Collected material:
☆ ☆ ☆ ☆

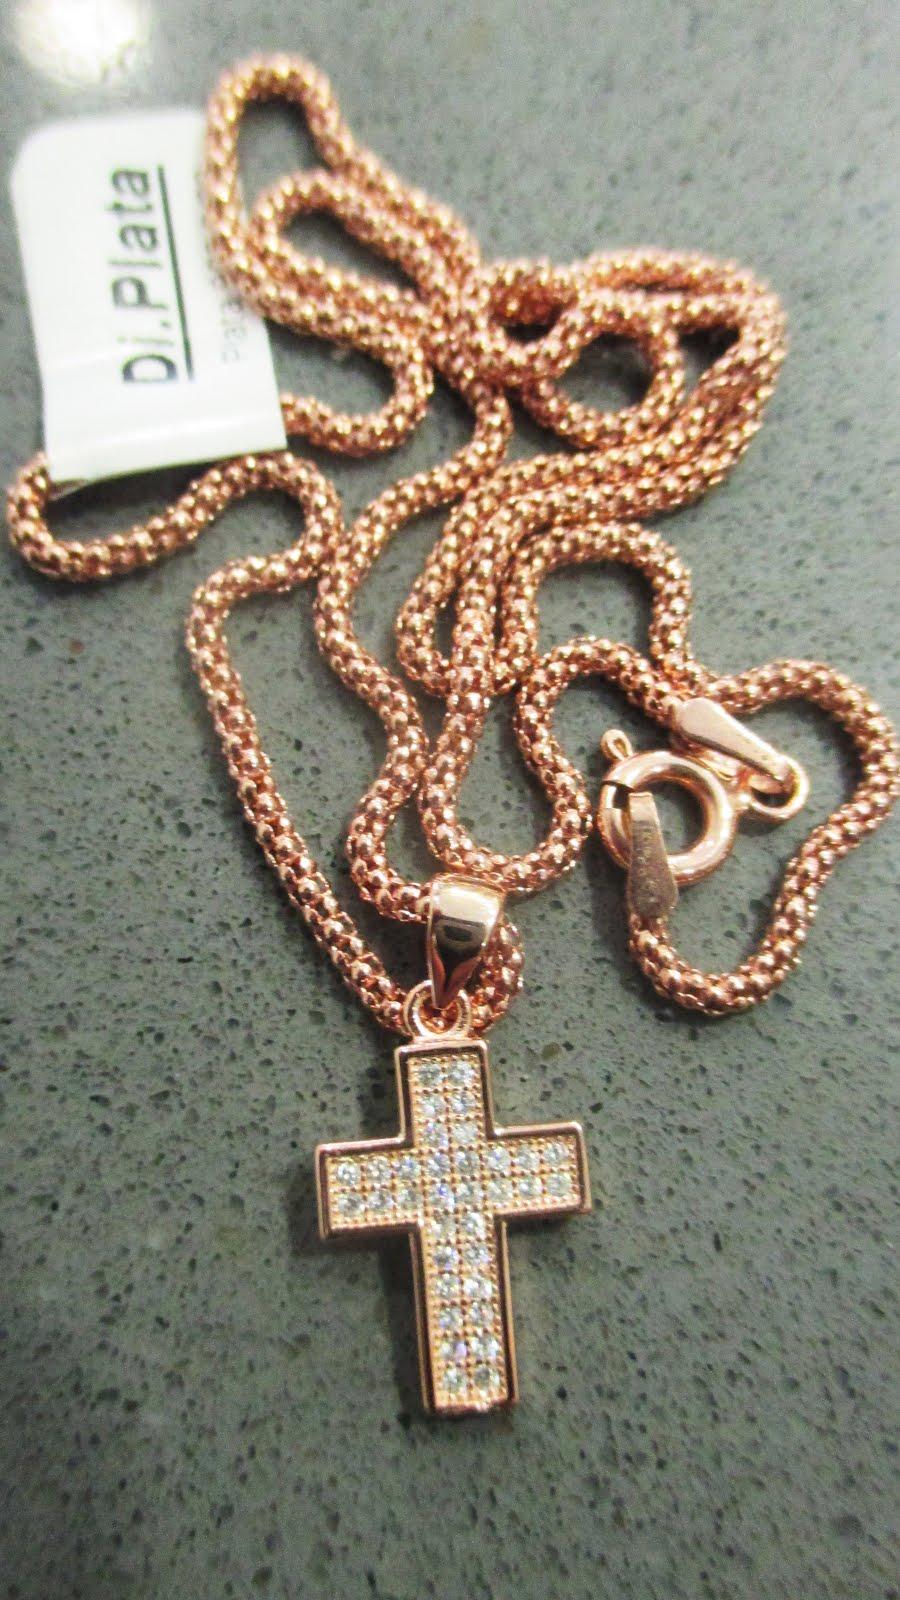 Cordón de plata dorada con cruz de circonitas a juego
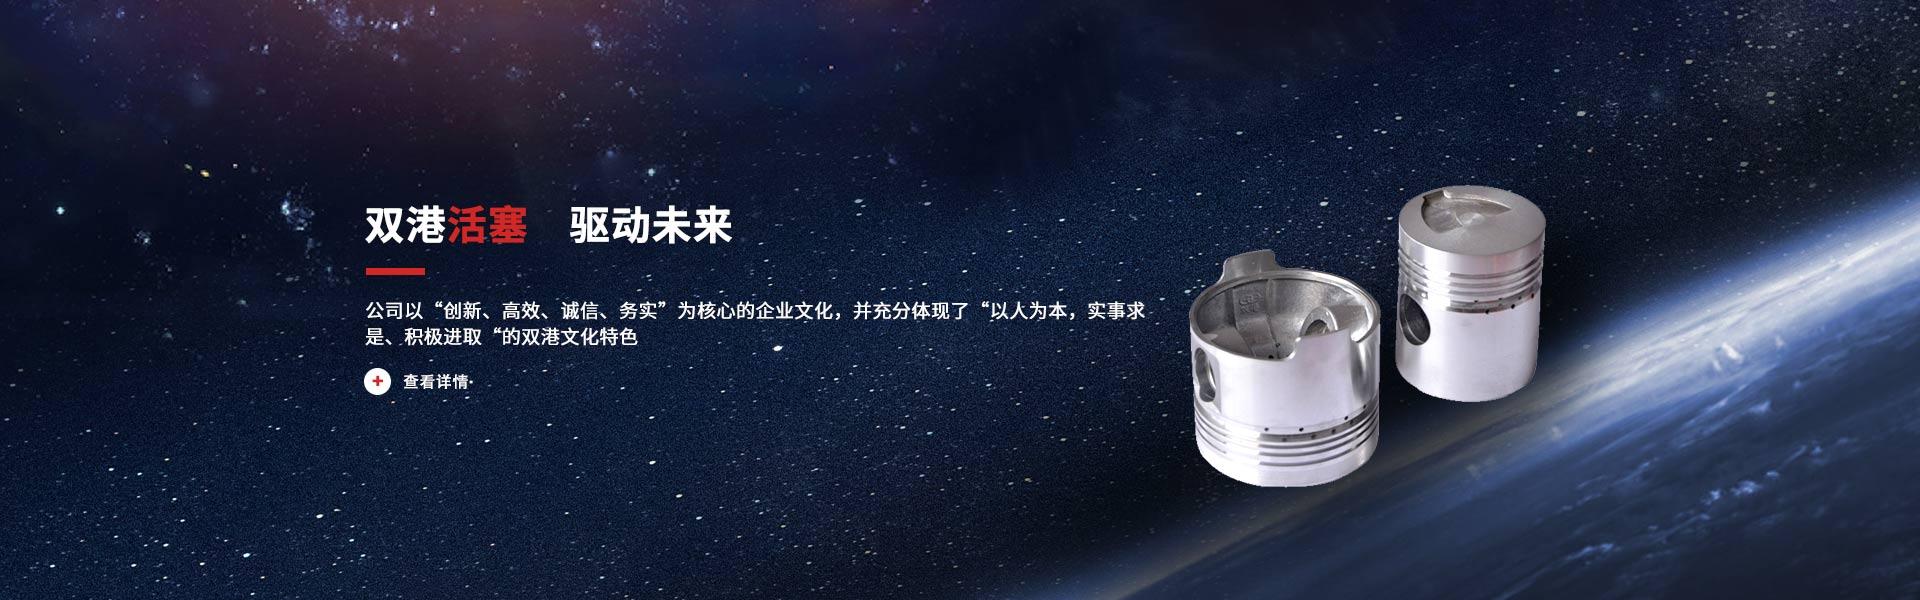 Shandong Shuanggang Piston Co., Ltd.
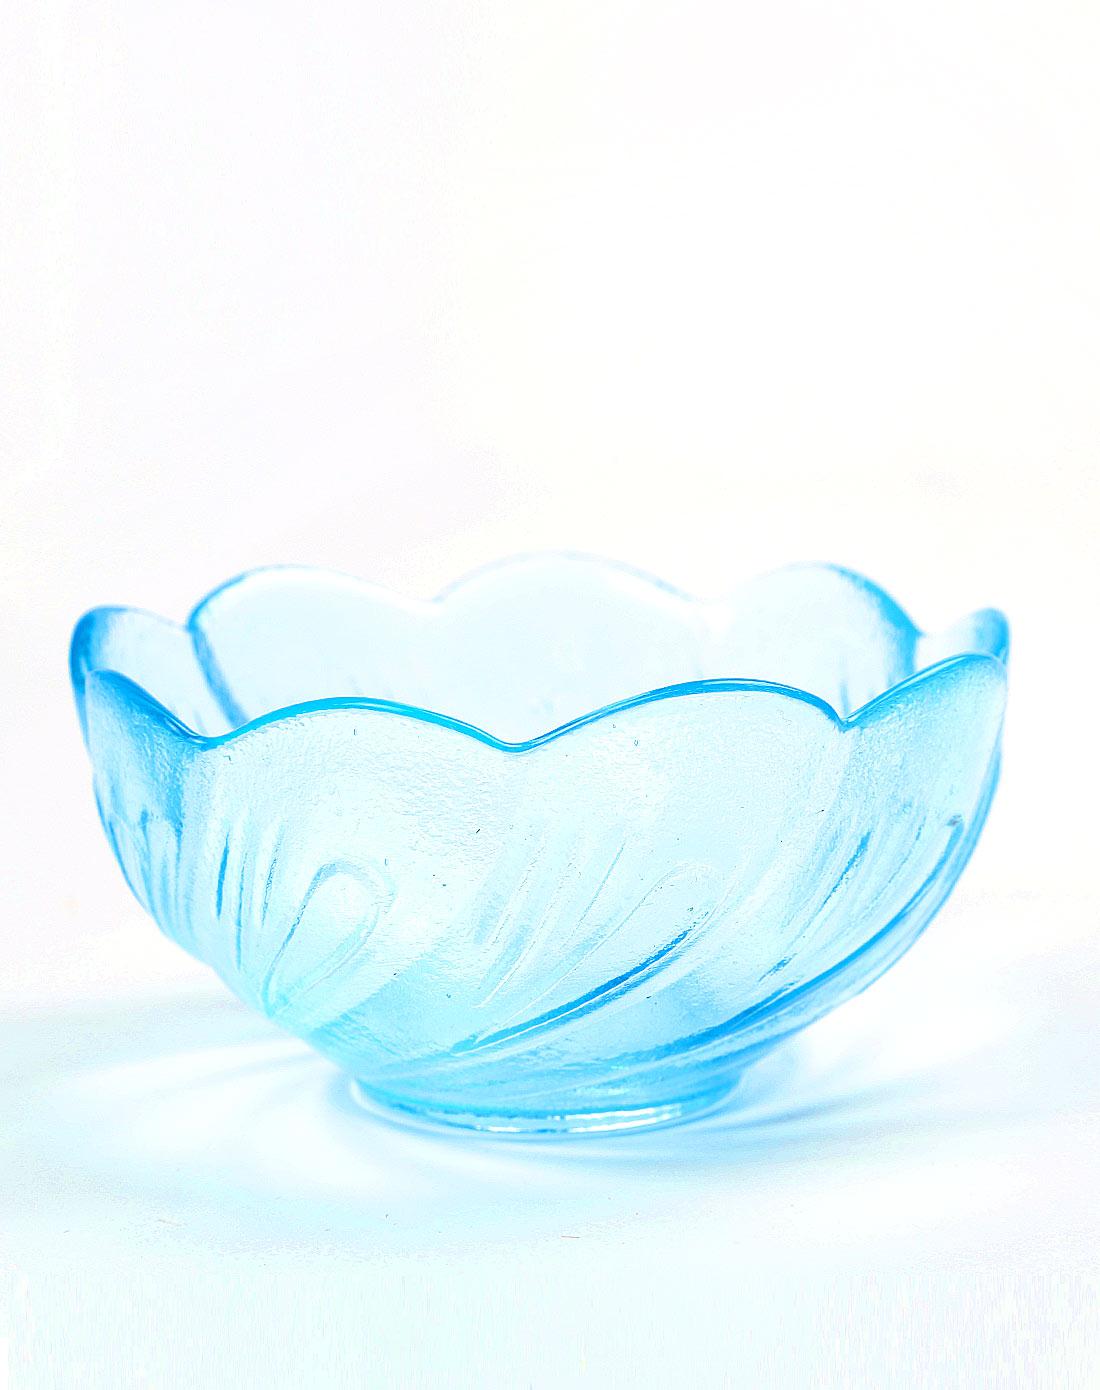 晶彩凤凰发型碗(四入)v发型琉璃男生图片

☆ ☆ ☆ ☆

Exercise directions: Output the listing above exactly, pictures omitted.

Answer:
 Cordón de plata dorada con cruz de circonitas a juego
 Shandong Shuanggang Piston Co., Ltd.
 晶彩凤凰发型碗(四入)v发型琉璃男生图片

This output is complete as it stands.